## EXERCISE DETAILS
With the pictures removed, write out the data below exactly.

## PROVIDED MATERIAL
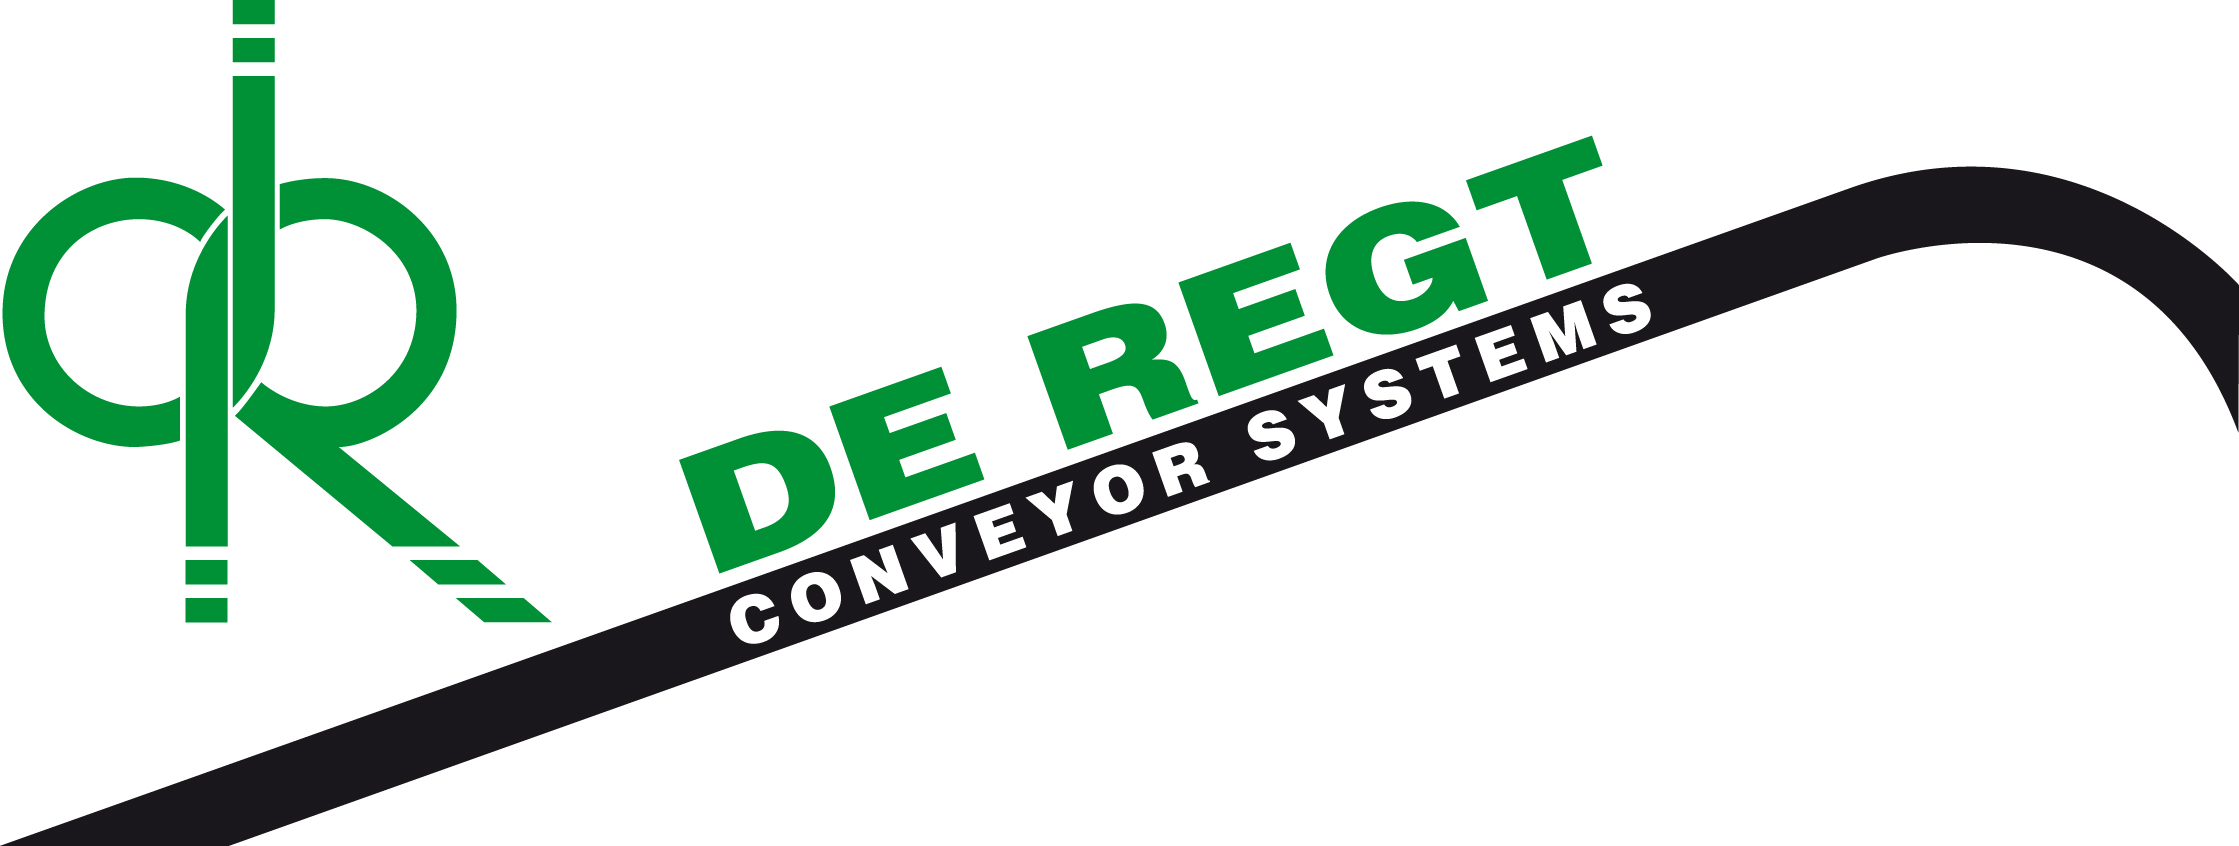 De Regt Conveyorsystems
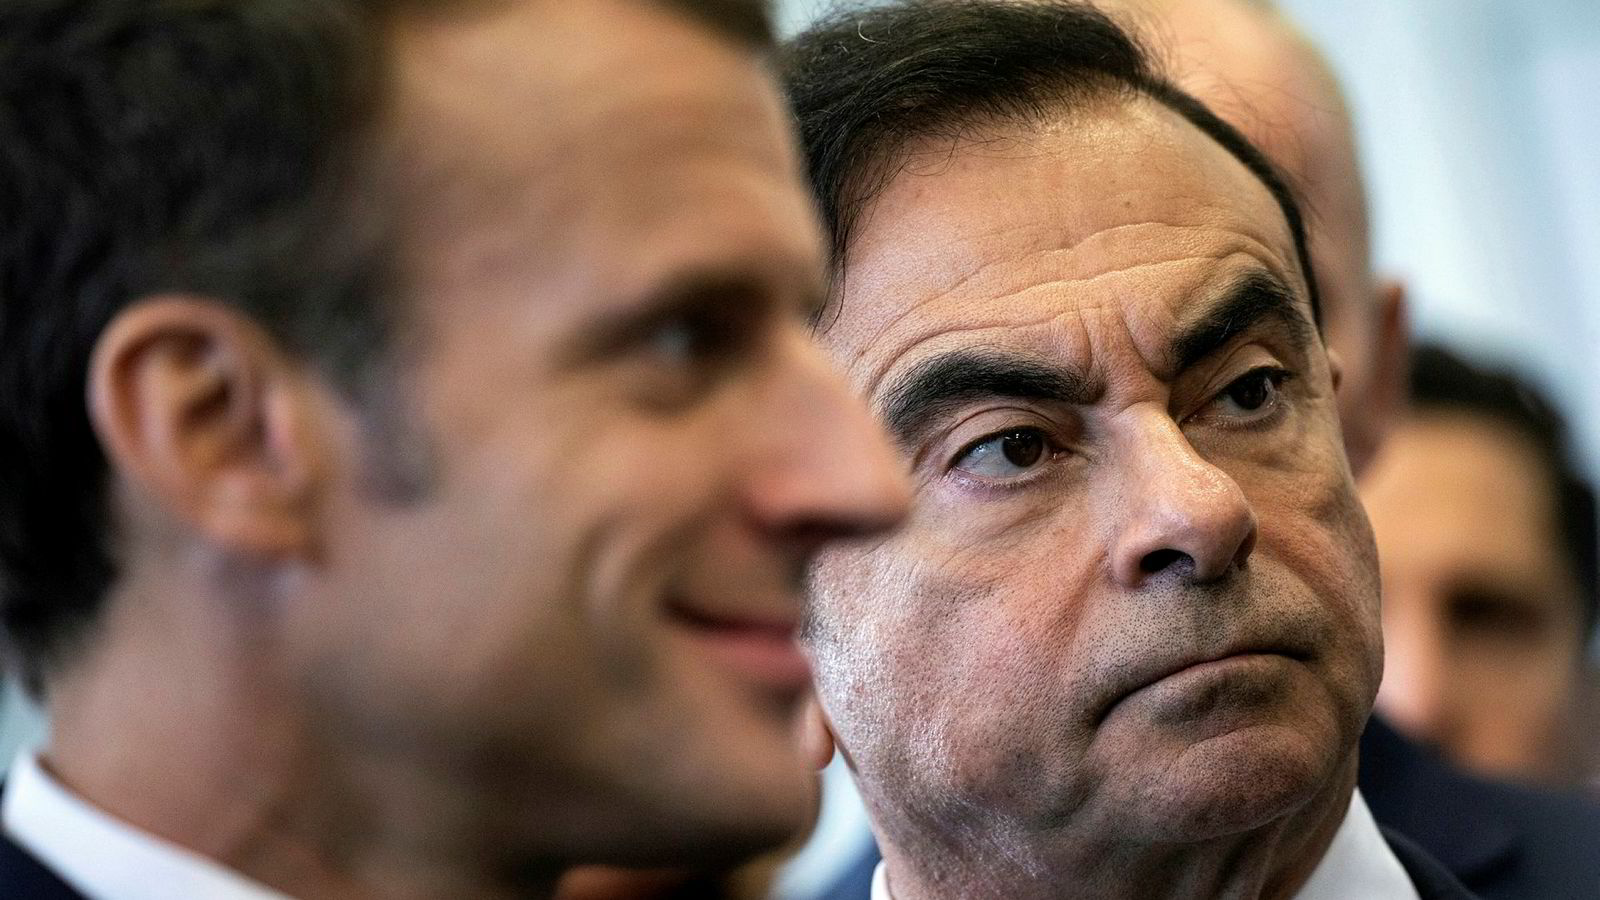 Frankrikes president Emmanuel Macron ønsker en sammenslåing, etter at Renault-sjef Carlos Ghosn (til høyre) ble arrestert. Her under et tidligere besøk ved Renault-fabrikken i Maubeuge.
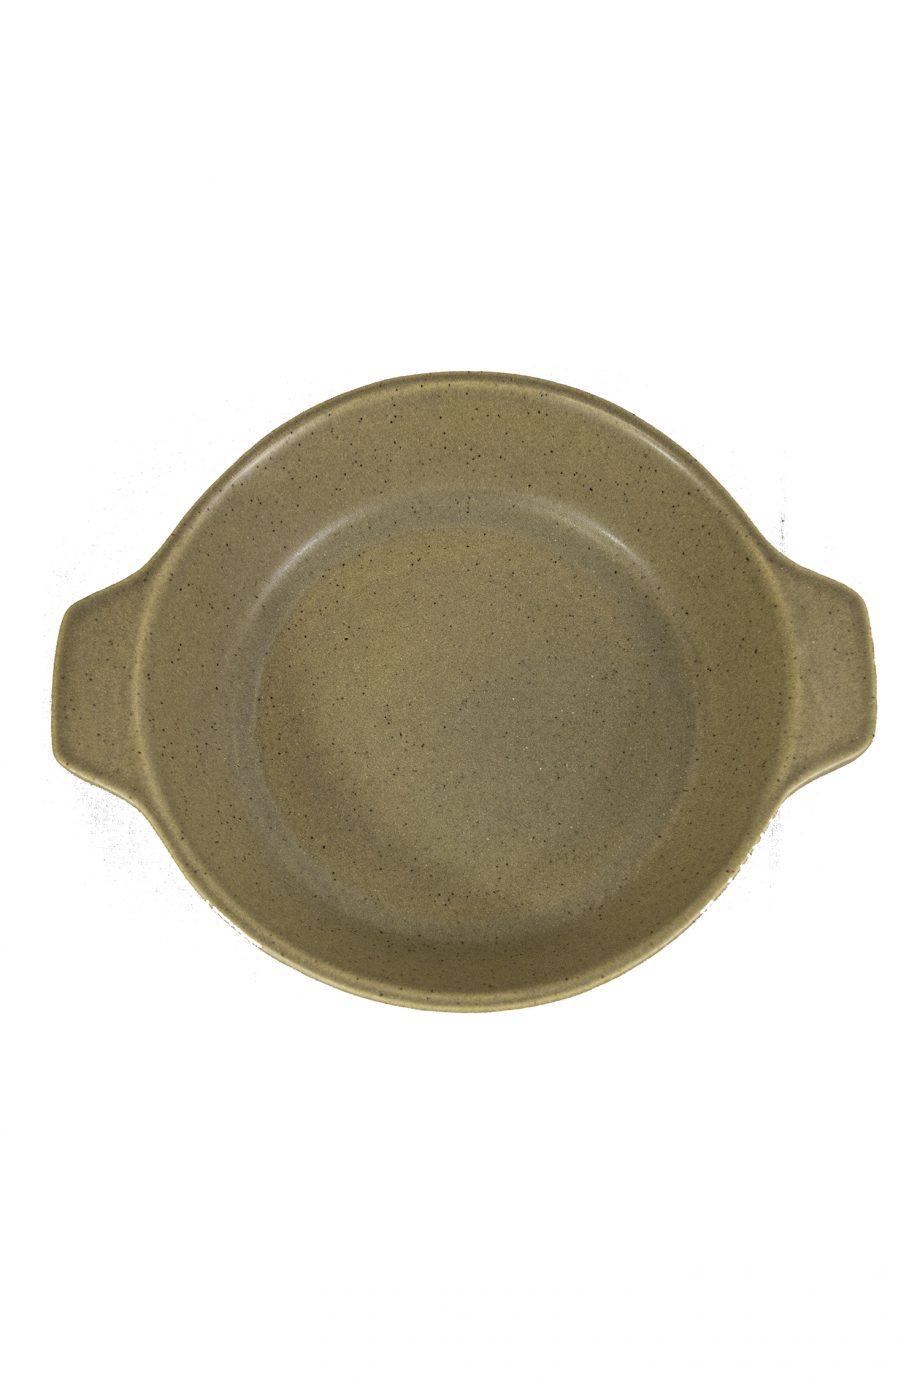 oven bord mosterd mat ceramic aardewerk large

## WORKED SOLUTION
 De Regt Conveyorsystems
 Frankrikes president Emmanuel Macron ønsker en sammenslåing, etter at Renault-sjef Carlos Ghosn (til høyre) ble arrestert. Her under et tidligere besøk ved Renault-fabrikken i Maubeuge.
 oven bord mosterd mat ceramic aardewerk large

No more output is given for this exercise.